In 2002, Poitier was presented with a second Oscar for "his extraordinary performances and unique presence on the screen and for representing the industry with dignity, style, and intelligence." He received the BAFTA Award; three Golden Globe Awards; American Film Institute Lifetime Achievement Award; the Kennedy Center Lifetime Achievement Award; the Screen Actors Guild Lifetime Achievement Award; five NAACP Image Awards; and two Golden Bear Awards from the Berlin Film Festival. Currently, His Excellency serves as ambassador to Japan from the Commonwealth of the Bahamas and ambassador to the United Nations Educational, Scientific and Cultural Organization (UNESCO). Poitier is president and CEO of Verdon Cedric Productions in Beverly Hills, where he continues to write screenplays and study philosophy. He is married to Joanna Shimkus Poitier, is father to six daughters, a grandfather of four and most recently, a great-grandfather of one.

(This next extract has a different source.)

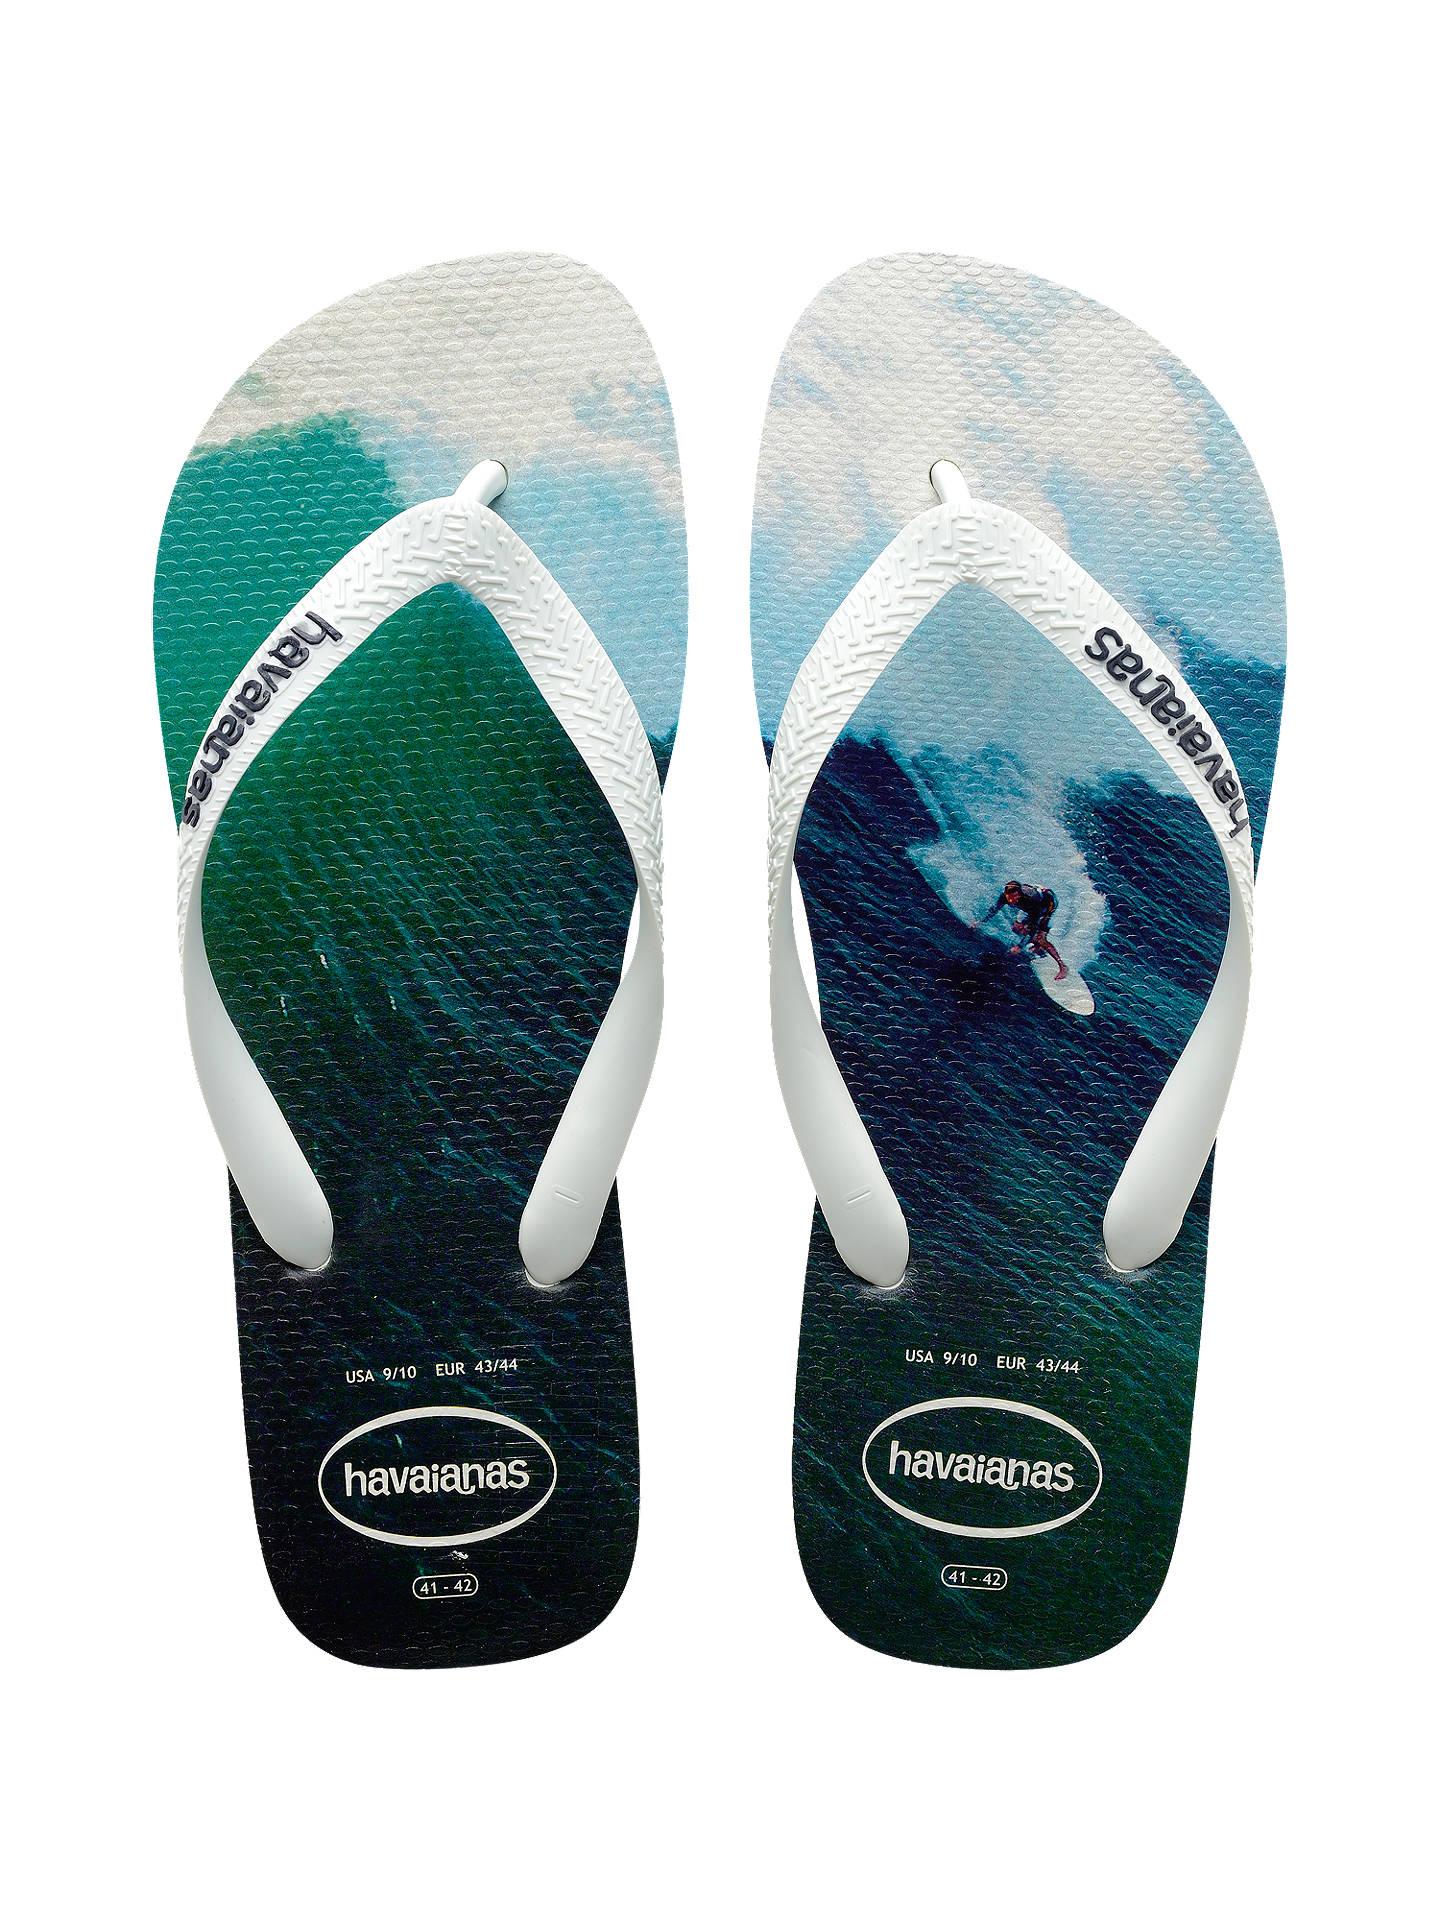 d7c79f47cc5866 ... Buy Havaianas Surfer Print Flip Flops
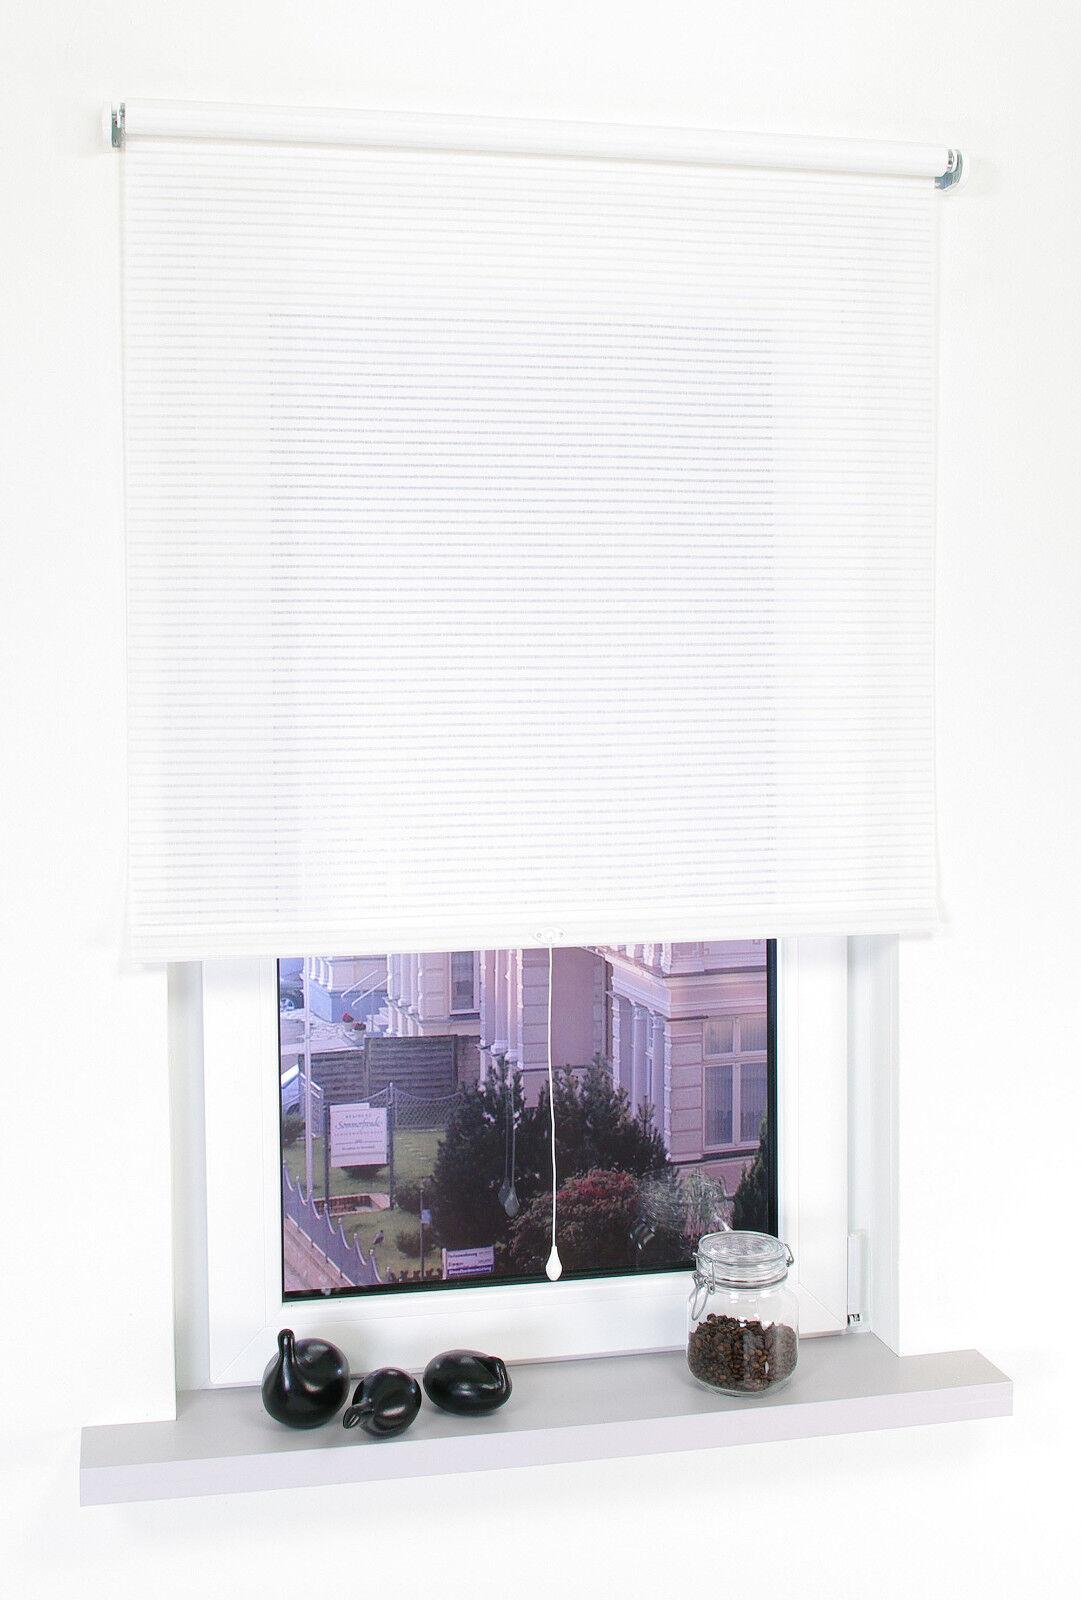 Springrollo Mittelzugrollo Schnapprollo Fenster Tür Rollo Mittelzug Altweiß Weiß

Poitier was born dangerously premature at only three pounds on February 20, 1924, in Miami, Florida. Poitier's father, a tomato farmer, had already saved a shoe box to bury him in when he miraculously recovered. The family moved to the Bahamas, where Poitier grew up as the youngest of eight siblings on Cay Island and Nassau.
After attending school for only a year and a half, Poitier dropped out to help his ailing father tend to the tomato farm during the depression. At age 15, he moved back to Miami to live with his brother Cyril, working as a drugstore messenger. It was then that the young Poitier experienced the first sting of racial prejudice in the United States, which was markedly different from his island home.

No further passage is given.